# Accountant in Malaysia



## Dom111 (Apr 17, 2018)

Hello all!

I am a 2yr post qualified ACA and have been looking for the last month or so at opportunities in Malaysia as myself and my girlfriend would love to make the move across from the UK.

I am really struggling to find any jobs online for which I could interview for before making the move- are there any recruiters specialising in relocation anyone knows of? Is this just a pipe dream or are qualified accountants in demand as I have read?

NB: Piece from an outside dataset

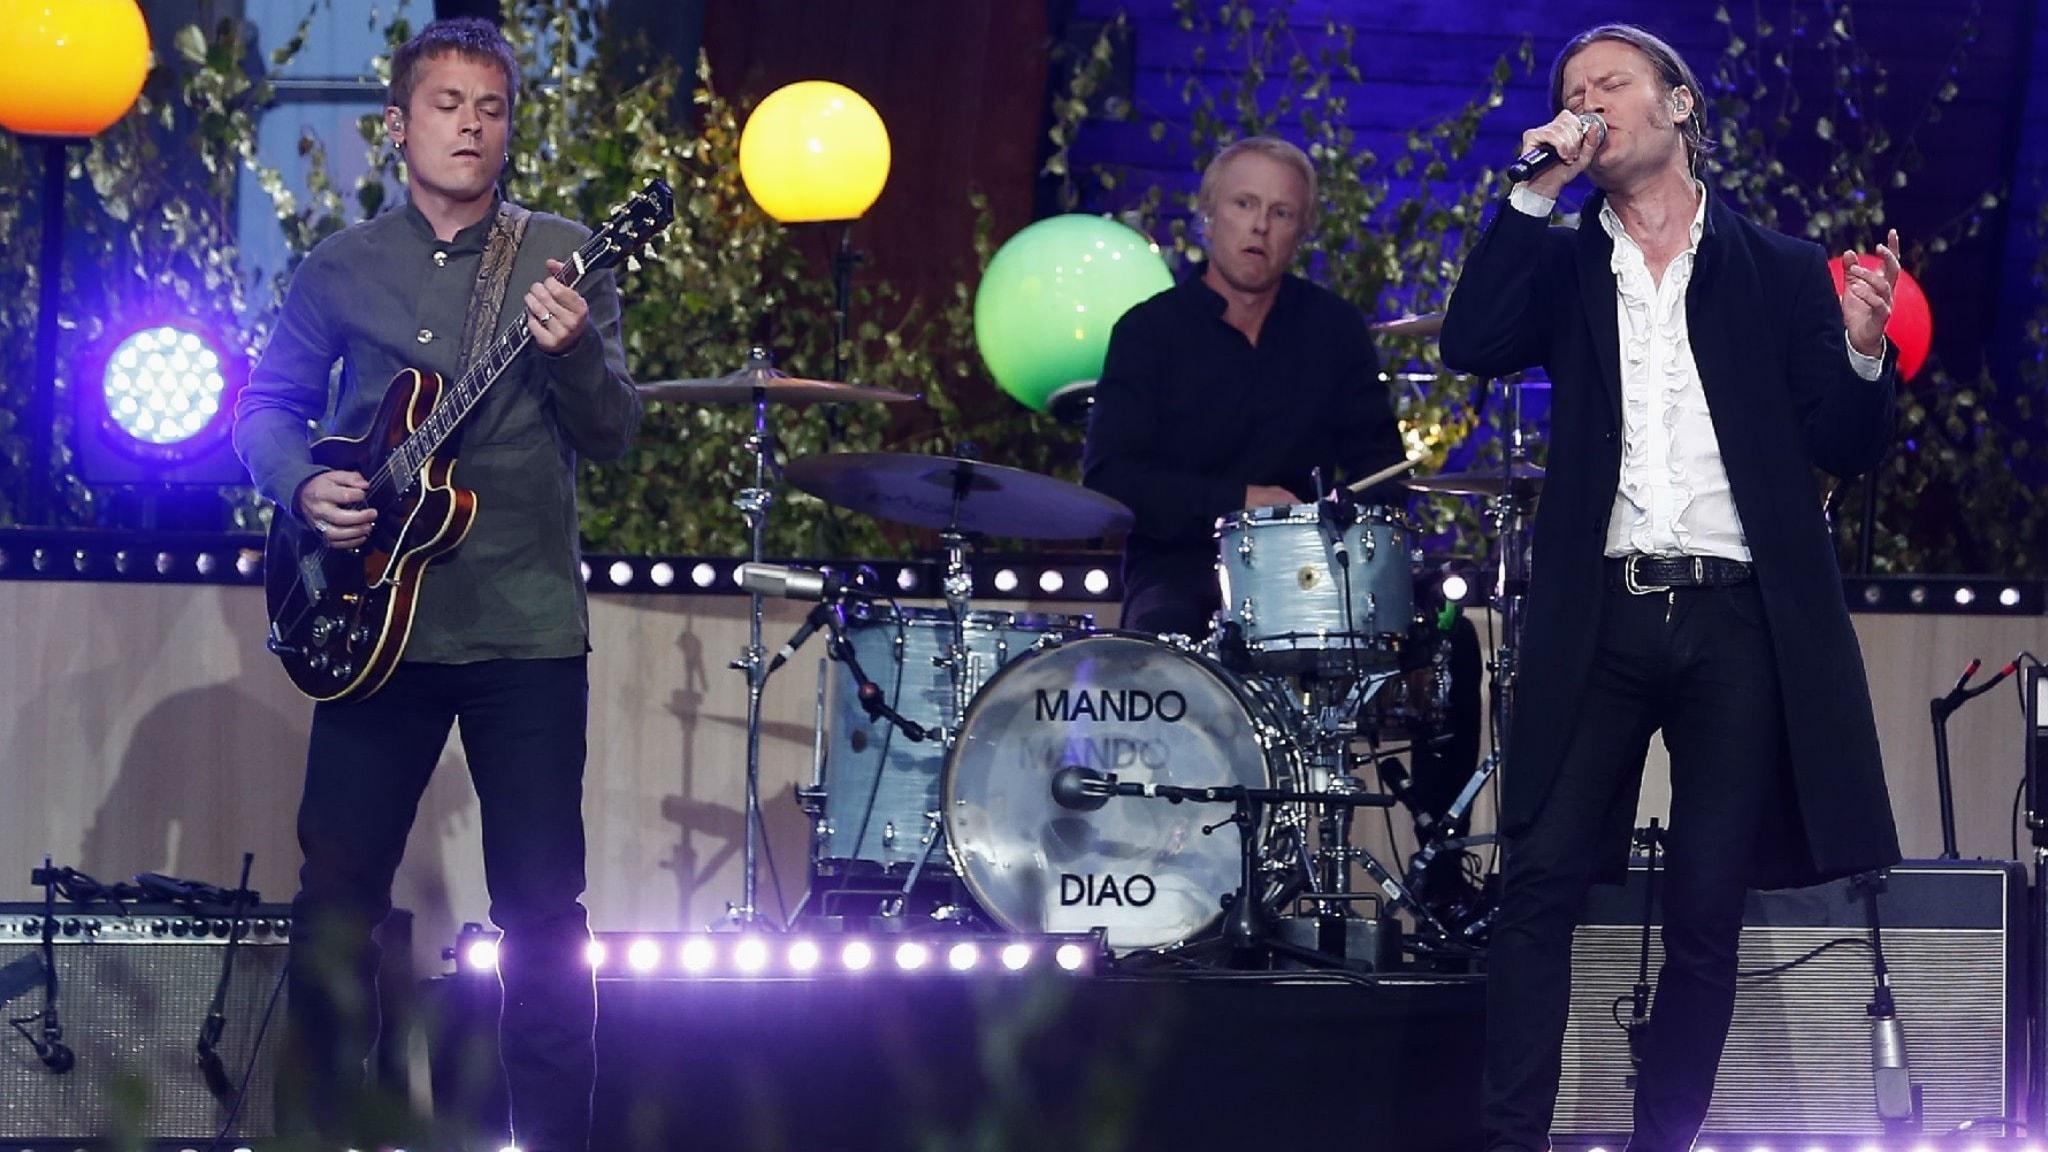 Hör nytt med Mando Diao, The Rolling Stones, Katy Perry och återvinning av en hit med Tina Turner!

Thanks and sorry for the basic questions. I’m very keen to get the ball rolling.

Thanks so much
Dom


----------



## Asian Spirit (Mar 1, 2010)

Dom111 said:


> Hello all!
> 
> I am a 2yr post qualified ACA and have been looking for the last month or so at opportunities in Malaysia as myself and my girlfriend would love to make the move across from the UK.
> 
> ...


Howdy and welcome to the site. The Malaysia page tends to be a bit slow. Countries like Malaysia, Thailand, and the Philippines can be good places to live. However, these are countries with very little work available and are best suited for retirement rather than for those in their working years.
Some countries such as the Philippines where we live have laws in place that prohibit hiring a foreigner for a job that a local can do or is qualified for. Hopefully you'll be able to find something suitable. Also, be sure to learn and understand their immigration laws for moving there as it may not be possible to get a resident visa.



Best Of Luck

Asian Spirit


----------